Anodontia philippiana

Scientific classification
- Kingdom: Animalia
- Phylum: Mollusca
- Class: Bivalvia
- Order: Lucinida
- Superfamily: Lucinoidea
- Family: Lucinidae
- Genus: Anodontia
- Species: A. philippiana
- Binomial name: Anodontia philippiana (Reeve, 1850)
- Synonyms: Lucina philippiana; Pegophysema philippiana; Anodontia schrammi;

= Anodontia philippiana =

- Authority: (Reeve, 1850)
- Synonyms: Lucina philippiana, Pegophysema philippiana, Anodontia schrammi

Species of bivalve

Anodontia philippiana, or the chalky buttercup, is a species of bivalve mollusc in the family Lucinidae. It can be found burrowing in soft substrate in shallow waters along the Atlantic coast of North America, its range extending from North Carolina in the United States to the West Indies and Bermuda.

==Description==
The chalky buttercup grows to a maximum length of 10 cm. Both the exterior and interior are white. It is very similar in appearance to the closely related buttercup lucine (Anodontia alba) which occupies the same range as it in the Caribbean area. The chalky buttercup can be distinguished by the fact that the interior of the valves are white rather than yellow and that the scars formed by the anterior adductor muscles slope at an angle of 30° to the pallial line.
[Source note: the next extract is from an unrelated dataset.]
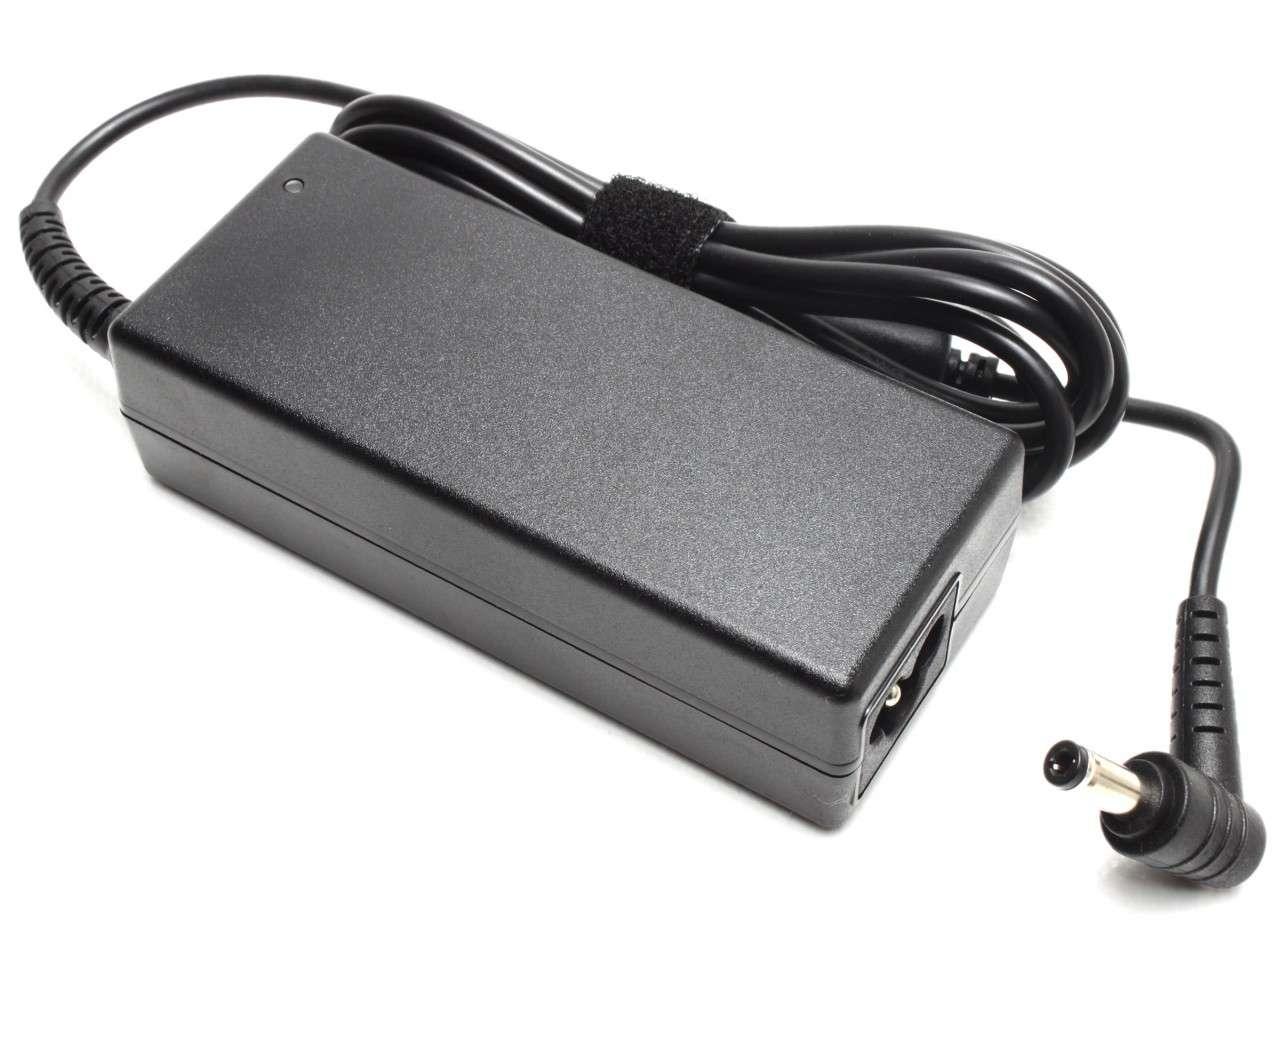 Incarcator Philips Freevents X60 imagine powerlaptop.ro 2021

==Distribution and habitat==
The chalky buttercup is found in both the Caribbean area and in the tropical Indo-Pacific. It is one of a number of bivalve species to be found in the oxygen-depleted sediments among mangroves.

==Biology==
The chalky buttercup has a symbiotic relationship with certain bacteria that live in its gills. These can oxidise methane and hydrogen sulphide, both of which are found in the low-oxygen, silty sand and mud in which this mollusc burrows. The chalky buttercup uses the energy produced by the bacteria and this enables it to live in an environment that would otherwise be too low in food particles. A similar mutually beneficial arrangement is found among deep-water clams which harbour bacteria that flourish beside the thermal vents where the molluscs live.

==Taxonomy==
Traditionally this species was known as Lucina philippiana, the name given to it by Reeve in 1850. Some authorities now refer to it as Pegophysema philippiana and Anodontia schrammi is another synonym.